Ralph Lauren on dressing Hillary Clinton, growing up in the Bronx - and meeting the Queen in Bloomingdales

Anna Wintour, Hillary Clinton, Ralph Lauren
Anna Wintour, Hillary Clinton and Ralph Lauren Credit:  Penske Media/REX/Shutterstock

Aged 77, Ralph Lauren will receive an Outstanding Achievement award at the Fashion Awards in the Royal Albert Hall on Monday. It’s all a very long way from his poverty-stricken childhood in the Bronx, he tells The Telegraph

Opposite the soaring gold and glass of Trump Tower, and the phalanx of armed police and trellis of crash barriers that have reduced Fifth Avenue to two lanes, stands The Polo Bar, a favourite for fans of wholesome American food in soothing, dark panelled surroundings, and the Polo Ralph Lauren store.

The latter may only be two years old, but like everything in the Lauren universe it represents a continuum of good taste. Roaring log fires, the studied eclecticism of Turkish rugs and Native American influences, tartan and lashings of equestrian references – these have become generics, in much the same way as Colefax and Fowler or shabby chic. And of course there are the clothes.

Democratic Presidential candidate Hillary Clinton delivers her concession speech Wednesday, from the New Yorker Hotel's Grand Ballroom
Democratic Presidential candidate Hillary Clinton delivers her concession speech Wednesday, from the New Yorker Hotel's Grand Ballroom Credit: REX 

Hillary Clinton wore Ralph Lauren regularly during her residential campaign. Lauren worked with her on sleek-ifying those pantsuits, notably the purple-lapelled one she wore to concede – in a speech that will surely go down in feminist history. ‘I didn’t know the significance of that colour,’ he admits (purple being a livery of the suffragette movement). ‘But Hillary’s people did. I just knew it looked beautiful on her.’

Although I have been asked by Lauren’s people not to dwell on politics, it is surely of note that Melania Trump also wore his clothes during her husband’s campaign – most strikingly a £3,175 white jumpsuit at the victory party. Mrs Trump bought off the rack.

From this, one may be able to deduce Lauren’s political allegiances, but the salient point is that both women turned to the designer at a key moment.

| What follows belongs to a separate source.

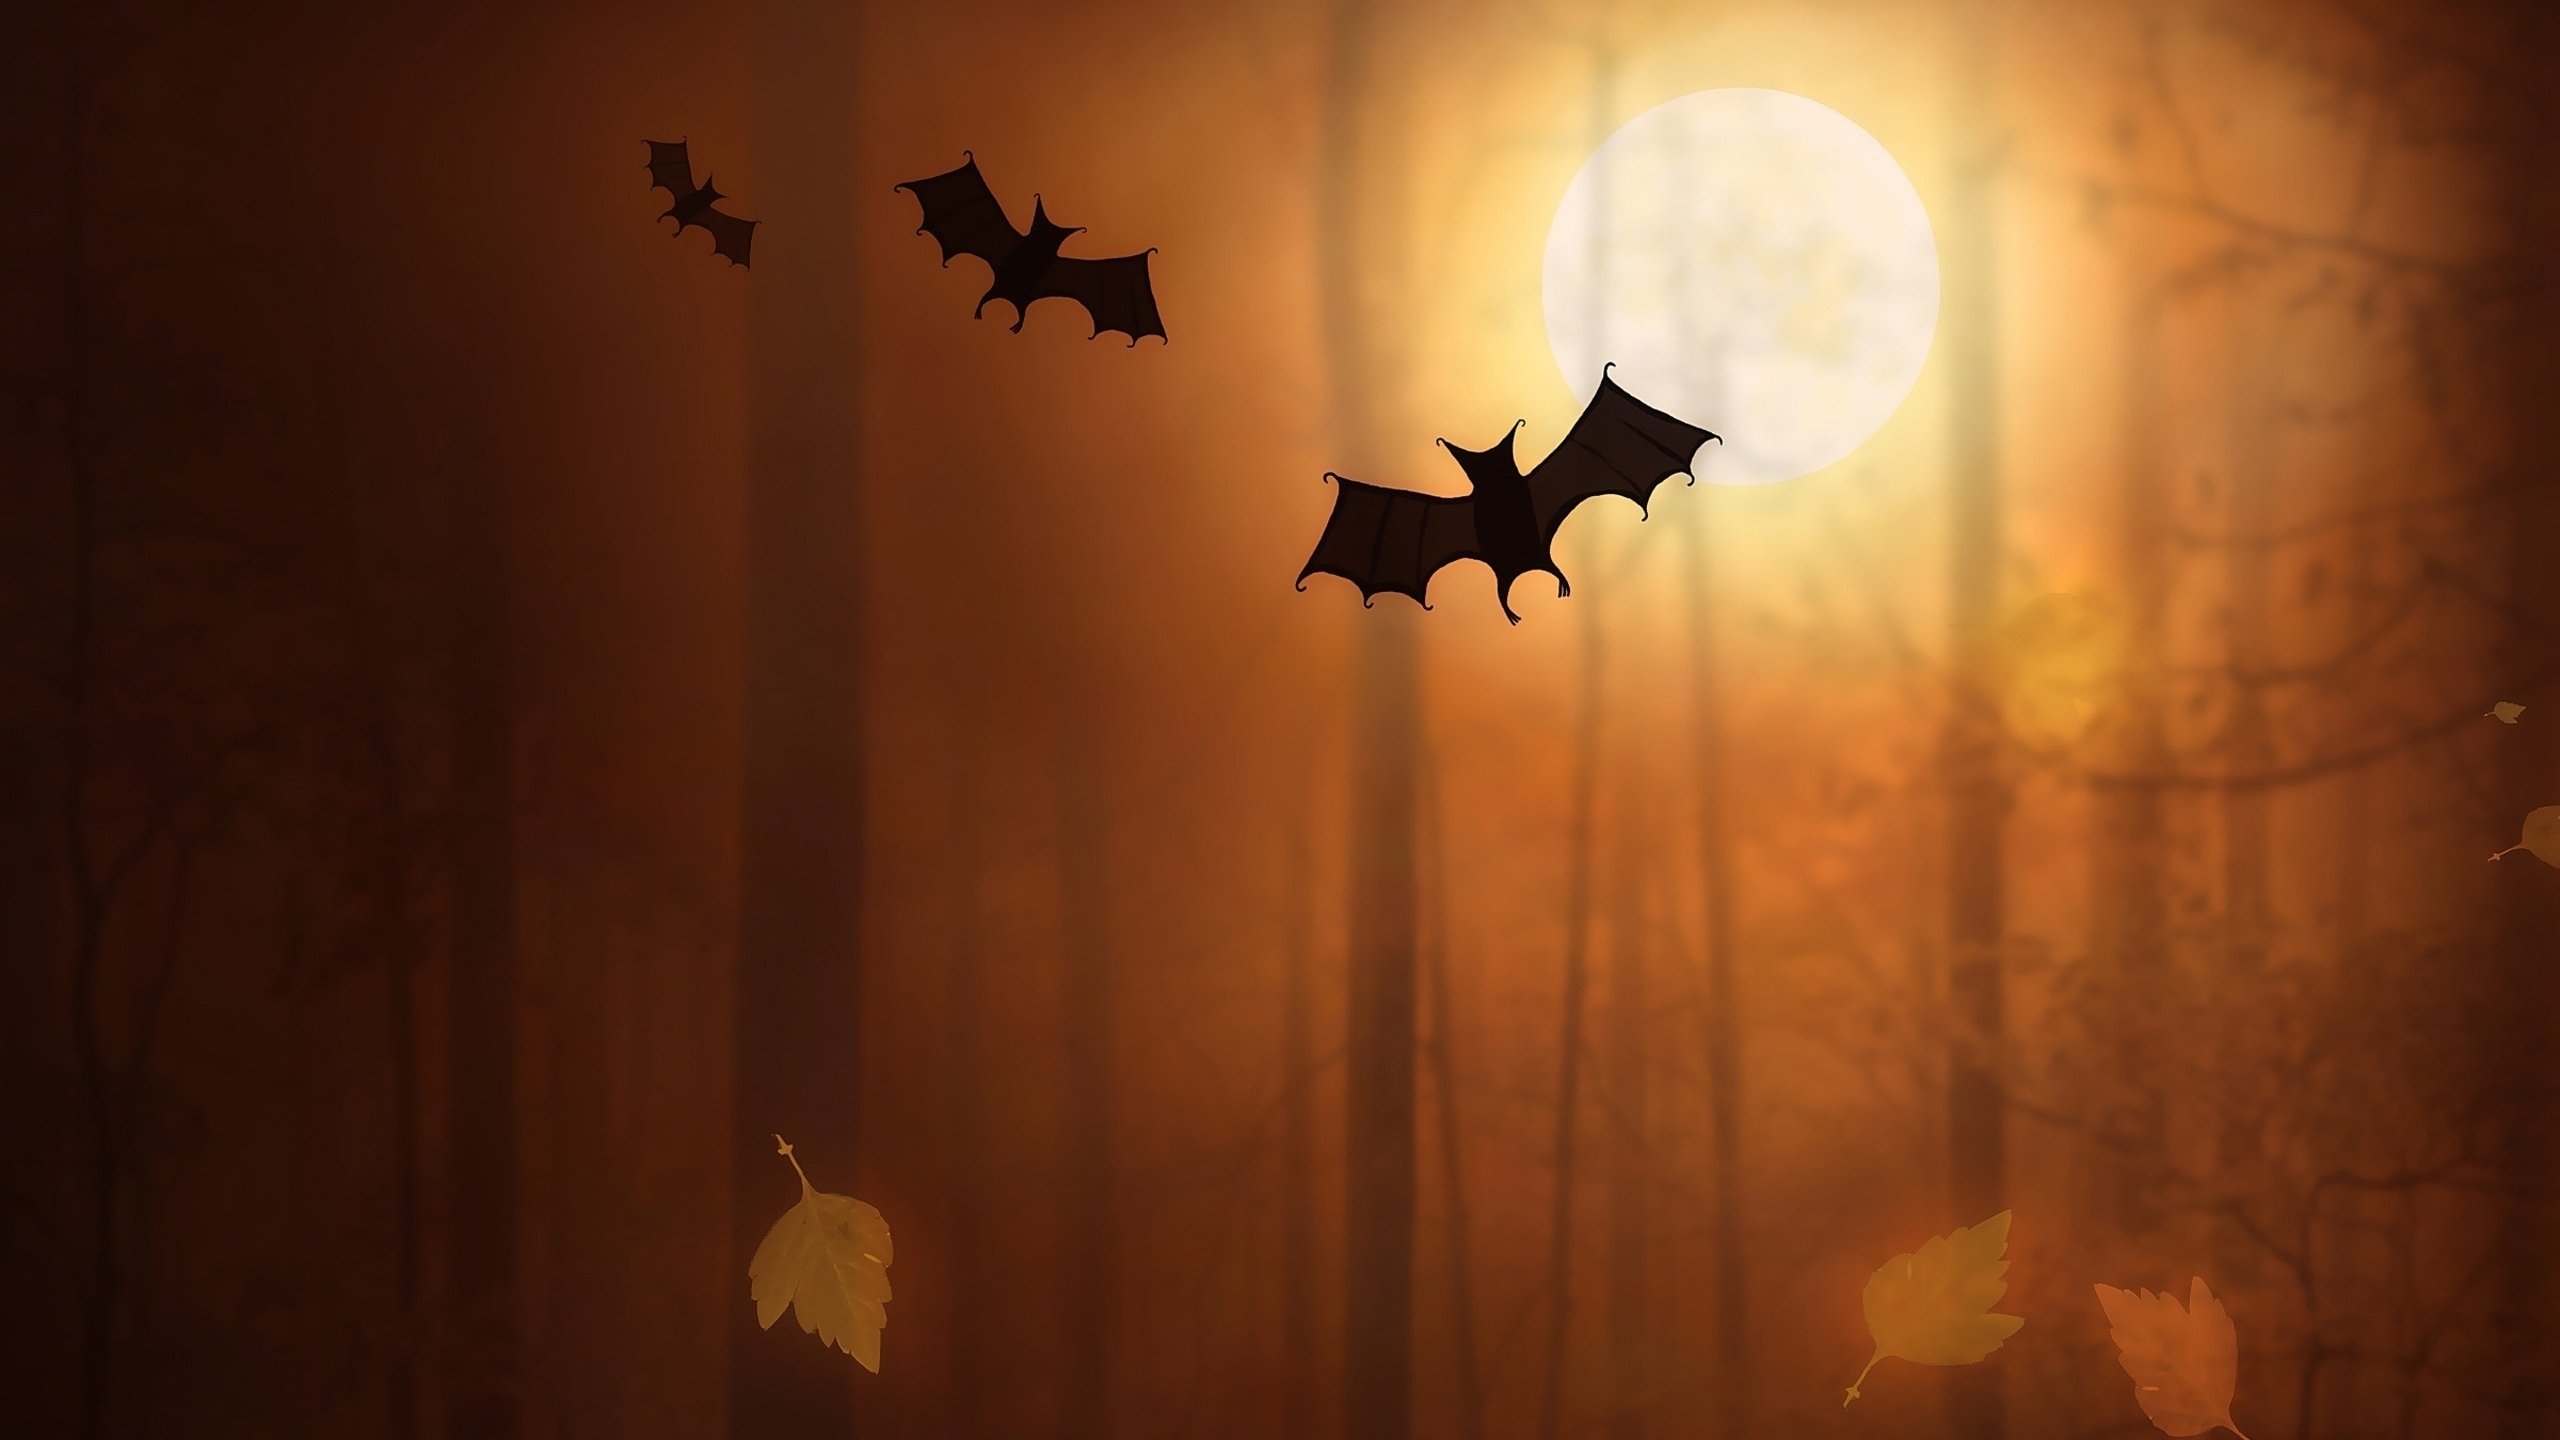 Bats in the foggy forest

Donald Trump too, Lauren tells me with a ‘que sera’ expression, is a regular of the uptown stores. Ralph Lauren taste is an incontrovertible article of faith it seems. Or, as Oprah Winfrey put it, ‘How did I, a poor girl from rural Mississippi, come to equate monetary success with owning rows of white Ralph Lauren bath sheets?’

It started with ties

It is almost half a century since a 28-year-old Ralph Lauren dragged his vision – or more specifically a rack of ties – along 59th Street to Bloomingdale’s. He didn’t make the sale immediately. They wanted him to sell the ties under the brand Sutton East – a nod, presumably, to Sutton Place, an exclusive New York district.

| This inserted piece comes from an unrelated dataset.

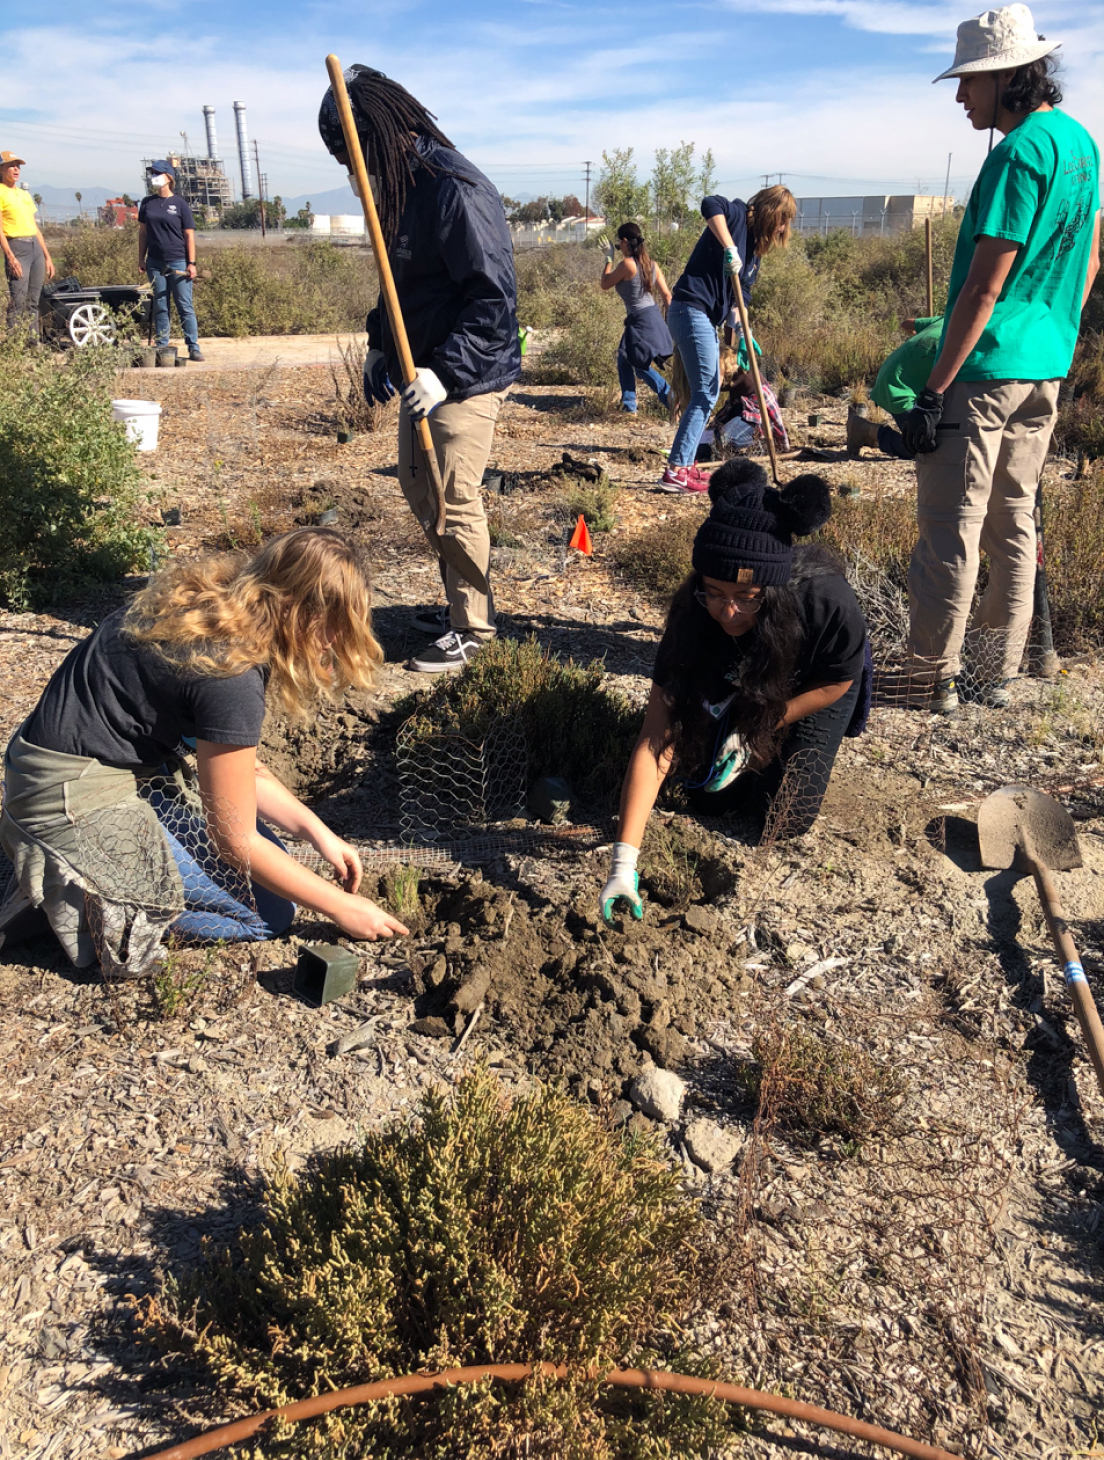 Volunteers from the Outreach program working together to restore the wetlands.

He was desperate for the contract, but not that desperate, and declined. It would be his name on the ties, or nothing. The self-belief was always there. ‘I don’t know where it came from,’ he says in his soft lilt, ‘but I knew what I was doing was good because I wanted to wear it.’ He makes it sound simple. He makes everything sound simple. He may be the most intuitive designer I’ve ever interviewed.

melania
To celebrate her husband Donald Trump becoming the 45th President, the new First Lady Melania turned to American designer Ralph Lauren - wearing a white jumpsuit from his latest collection. Credit: Getty Images

We are in Lauren’s suite of offices, which lead off a double-height, galleried hall (more wood, leather chesterfields, oil paintings and portraits of beloved family dogs). Outside, New Yorkers are jittery. In here is serenity. We could be in a castle in Inverness rather than on the sixth floor of his Madison Avenue HQ.

His innermost sanctum is a delirious medley of his favourite things. Packed bookcases and squishy sofas I’d anticipated, and even the model shiny black vintage Bugatti (as a classic-car collector of some repute, he also owns the life-size version).

But not the teeny leather shoes lining a desk that doesn’t look often-used (it’s not – ‘I’ve never been a desk worker,’ Lauren says), the deluxe leather-trimmed bicycle, or the twin teddy bears holding court on the coffee table. One wears a tuxedo and cowboy boots. The other, in denim, is aping what Lauren has on today, minus the ancient leather jacket the designer has layered over his denim. It is a genuinely old jacket, he clarifies. Not some artfully distressed one.

Ralph Lauren on the catwalk Ralph Lauren show, Spring Summer 2017, New York Fashion Week, USA - 14 Sep 2016
Ralph Lauren on the catwalk Ralph Lauren show, Spring Summer 2017, New York Fashion Week, USA - 14 Sep 2016 Credit: REX

Everywhere you look are the famous. Photos of Lauren with Bill Clinton. With Diana, Princess of Wales, the Duke of Cambridge (Lauren is a benefactor of The Royal Marsden hospital in London, of which the Duke, like his mother before him, is president), Nancy Reagan (they bonded when he sat next to her at a White House dinner and discovered her father was a surgeon; he’d just recovered, in his late-40s, from a brain tumour). And look! The Queen.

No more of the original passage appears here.